For IoT applications that involve many clients performing the same or similar function and having fixed IP addresses, it may make sense to authenticate using x509 certificates or source IP address ranges.
Monitoring and Resource Limits
RabbitMQ nodes are limited by various resources, both physical (e.g. the amount of RAM available) as well as software (e.g. max number of file handles a process can open). It is important to evaluate resource limit configurations before going into production and continuously monitor resource usage after that.
Monitoring
Monitoring several aspects of the system, from infrastructure and kernel metrics to RabbitMQ to application-level metrics is essential. While monitoring requires an upfront investment in terms of time, it is very effective at catching issues and noticing potentially problematic trends early (or at all).
Memory
RabbitMQ uses Resource-driven alarms to throttle publishers when consumers do not keep up.
By default, RabbitMQ will not accept any new messages when it detects
that it's using more than 40% of the available memory (as reported by the OS):
vm_memory_high_watermark.relative = 0.4
. This is a safe default
and care should be taken when modifying this value, even when the
host is a dedicated RabbitMQ node.
The OS and file system use system memory to speed up operations for all system processes. Failing to leave enough free system memory for this purpose will have an adverse effect on system performance due to OS swapping, and can even result in RabbitMQ process termination.

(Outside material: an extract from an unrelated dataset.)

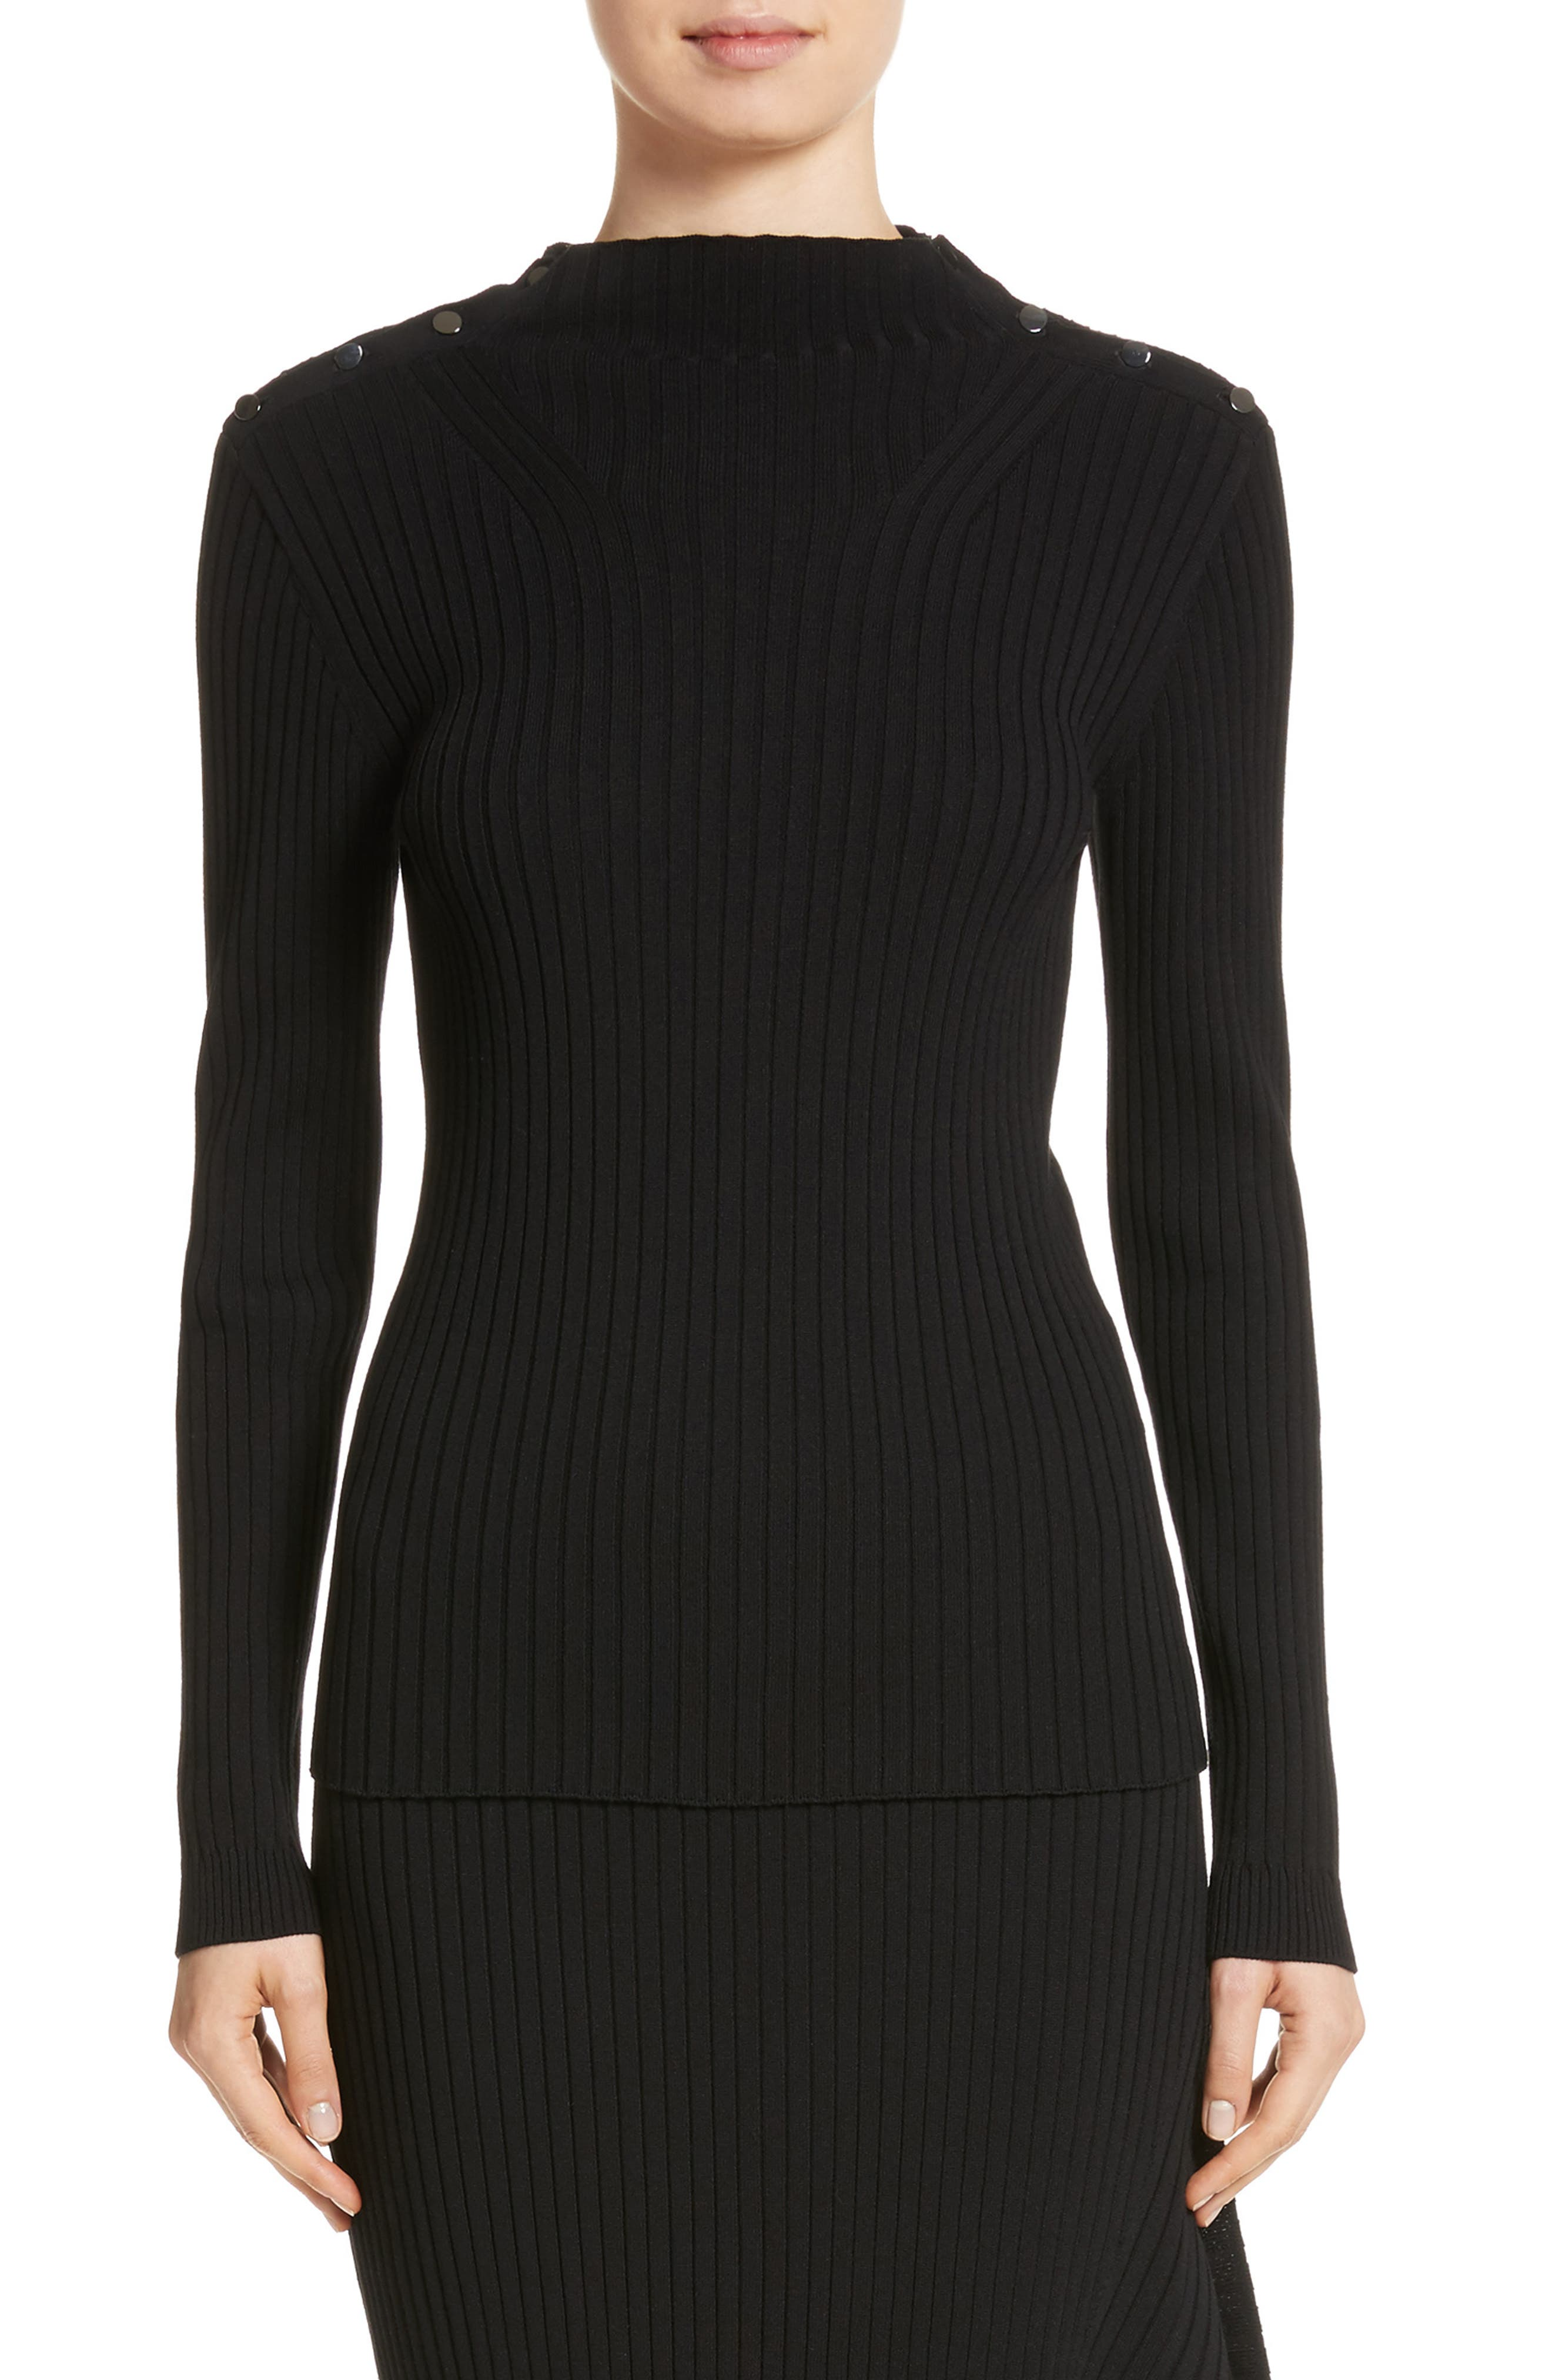 Main Image - St. John Collection Flat Rib Knit Mock Neck Sweater

A few recommendations when adjusting the default
vm_memory_high_watermark
:
- Nodes hosting RabbitMQ should have at least 256 MiB of memory available at all times. Deployments that use quorum queues, Shovel and Federation may need more.
- The recommended
vm_memory_high_watermark.relative
range is0.4 to 0.7
- Values above
0.7
should be used with care and with solid memory usage and infrastructure-level monitoring in place. The OS and file system must be left with at least 30% of the memory, otherwise performance may degrade severely due to paging.
These are some very broad-stroked guidelines. As with every tuning scenario, monitoring, benchmarking and measuring are required to find the best setting for the environment and workload.
Learn more about RabbitMQ and system memory in a separate guide.
Disk Space
The current 50MB disk_free_limit
default works very well for
development and tutorials.
Production deployments require a much greater safety margin.
Insufficient disk space will lead to node failures and may result in data loss
as all disk writes will fail.
Why is the default 50MB then? Development
environments sometimes use really small partitions to host
/var/lib
, for example, which means nodes go
into resource alarm state right after booting. The very low
default ensures that RabbitMQ works out of the box for
everyone. As for production deployments, we recommend the
following:
The minimum recommended free disk space low watermark value is about the same as the high memory watermark. For example, on a node configured to have its memory watermark of 4GB,
disk_free_limit.absolute = 4G
would be a recommended minimum.In the example above, if available disk space drops below 4GB, all publishers will be blocked and no new messages will be accepted. Queues will need to be drained by consumers before publishing will be allowed to resume.
Continuing with the example above,
disk_free_limit.absolute = 6G
is a safer value.If RabbitMQ needs to flush to disk up to its high memory watermark worth of data, as can sometimes be the case during shutdown, there will be sufficient disk space available for RabbitMQ to start again in all but the most pessimistic scenarios. 6GB
Continuing with the example above,
disk_free_limit.absolute = 8G
is the safest value to use.It should be enough disk space for the most pessimistic scenario where a node first has to move up its high memory watermark worth of data (so, about 4 GiB) to disk, and then perform an on disk data operation that could temporarily nearly double the amount of disk space used.